- Data
┄┄┄┄┄┄┄┄┄┄
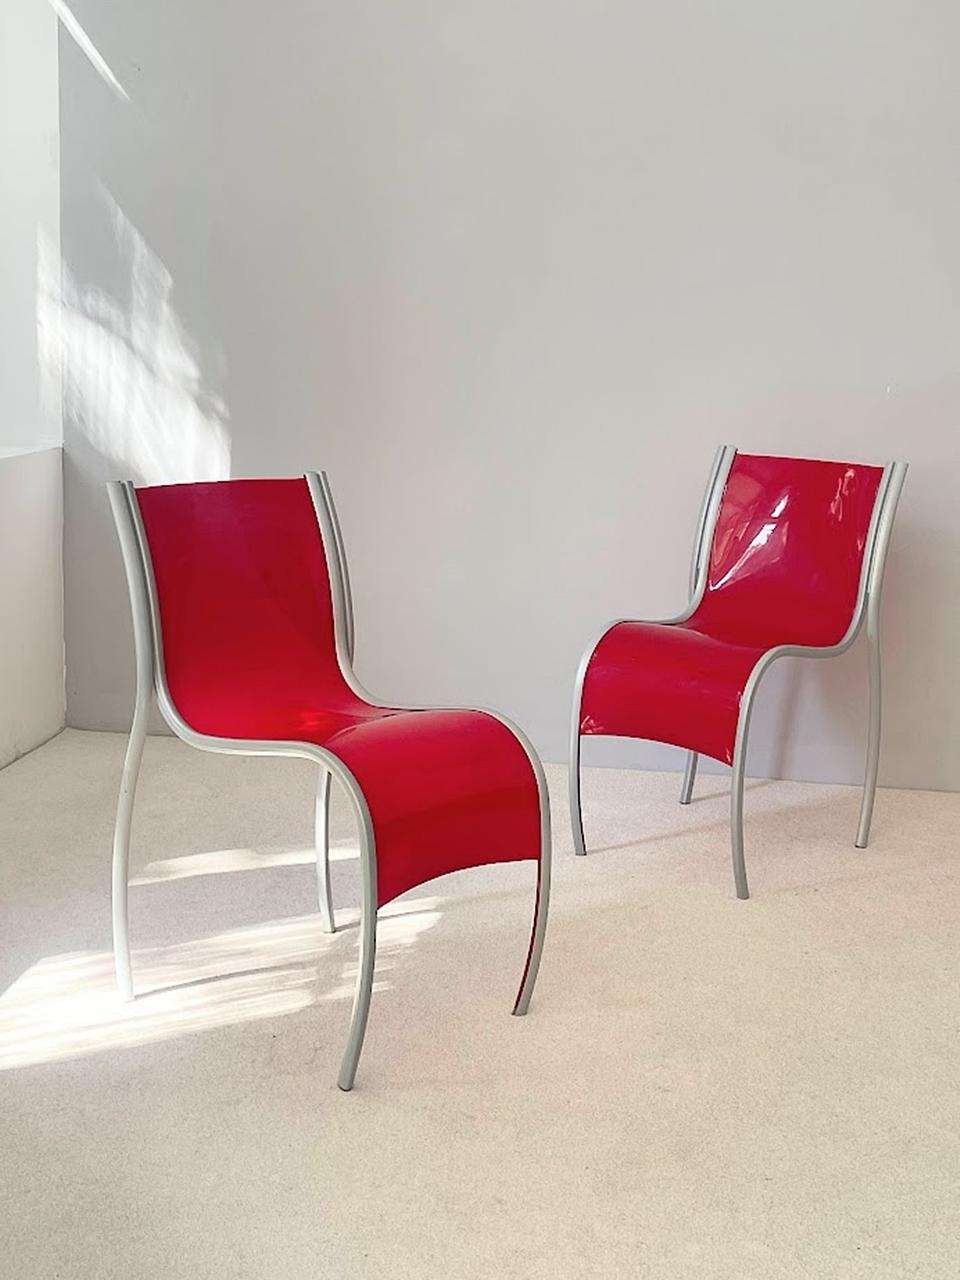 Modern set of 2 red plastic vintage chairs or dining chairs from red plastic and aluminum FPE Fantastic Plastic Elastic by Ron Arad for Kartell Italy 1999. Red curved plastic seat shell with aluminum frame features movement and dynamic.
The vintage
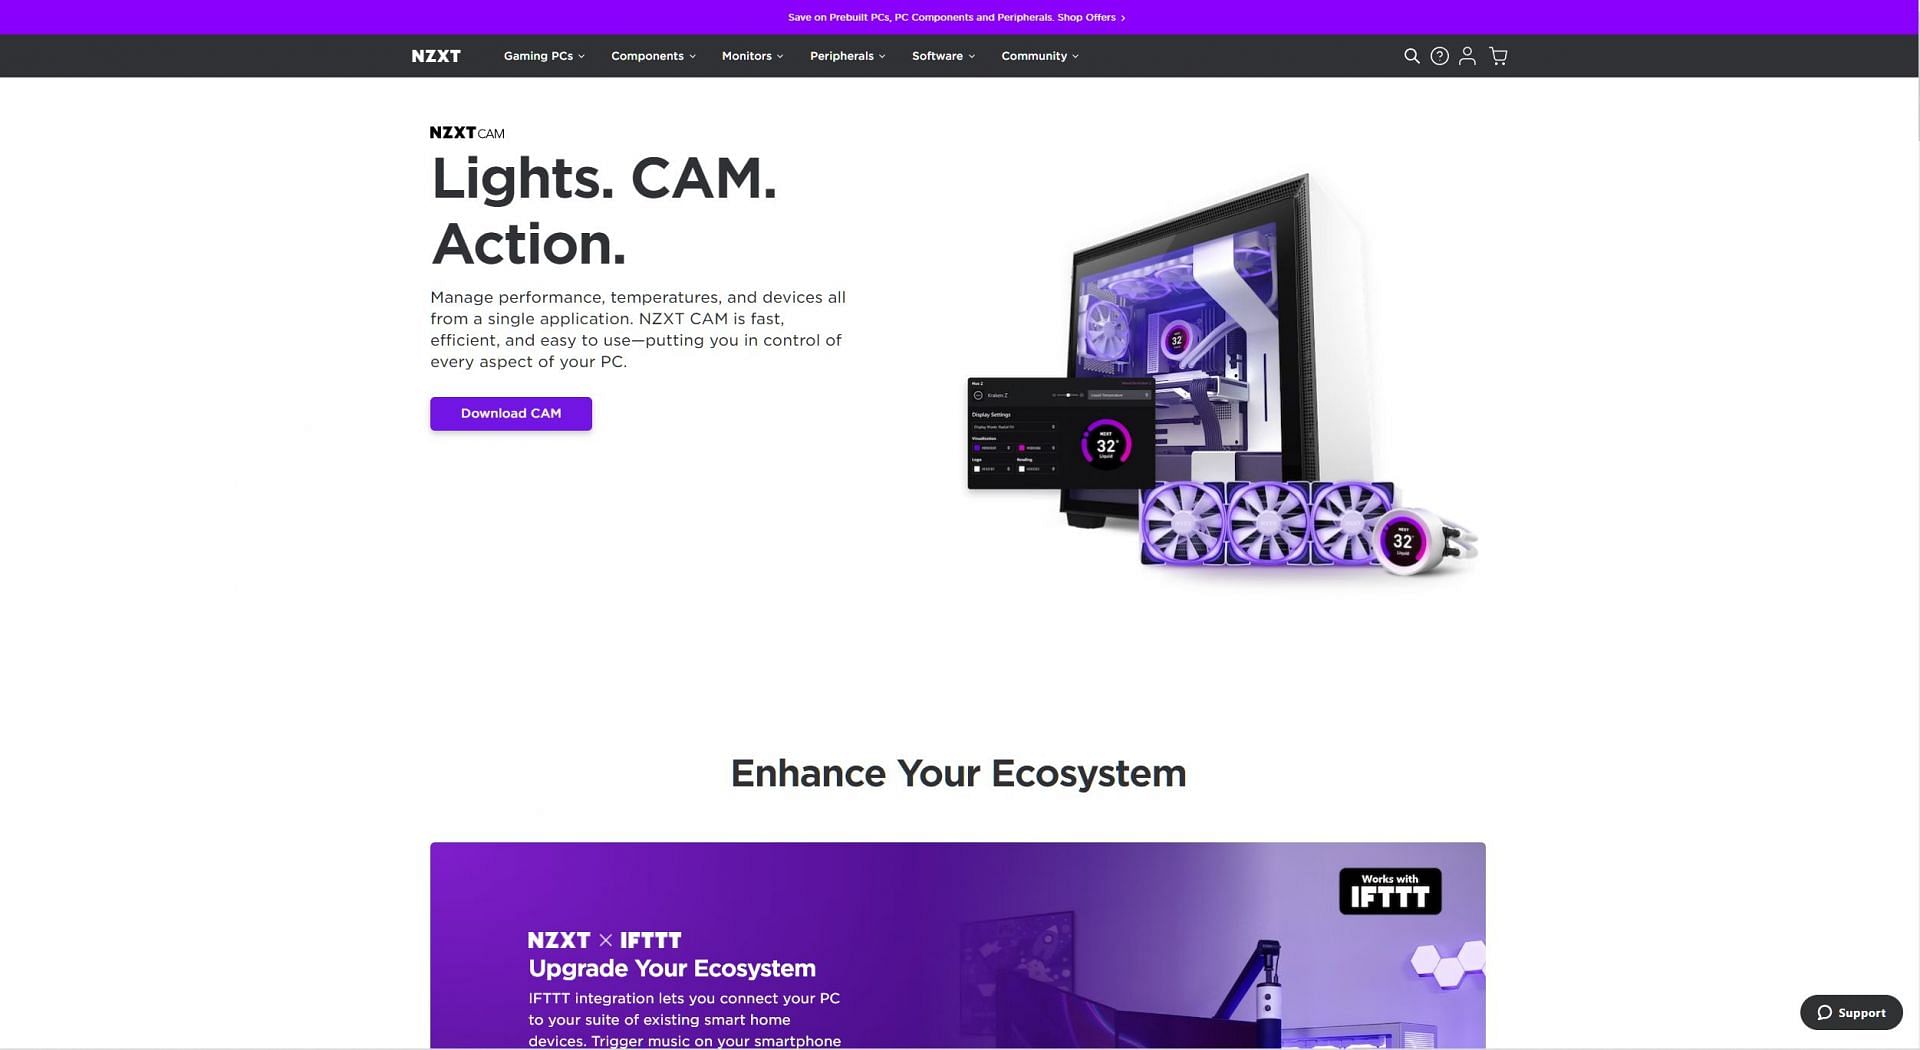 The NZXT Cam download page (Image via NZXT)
┄┄┄┄┄┄┄┄┄┄
- Problem details
Please copy the data shown above word for word, omitting the pictures.

- Solution to this exercise
 Modern set of 2 red plastic vintage chairs or dining chairs from red plastic and aluminum FPE Fantastic Plastic Elastic by Ron Arad for Kartell Italy 1999. Red curved plastic seat shell with aluminum frame features movement and dynamic.
The vintage
 The NZXT Cam download page (Image via NZXT)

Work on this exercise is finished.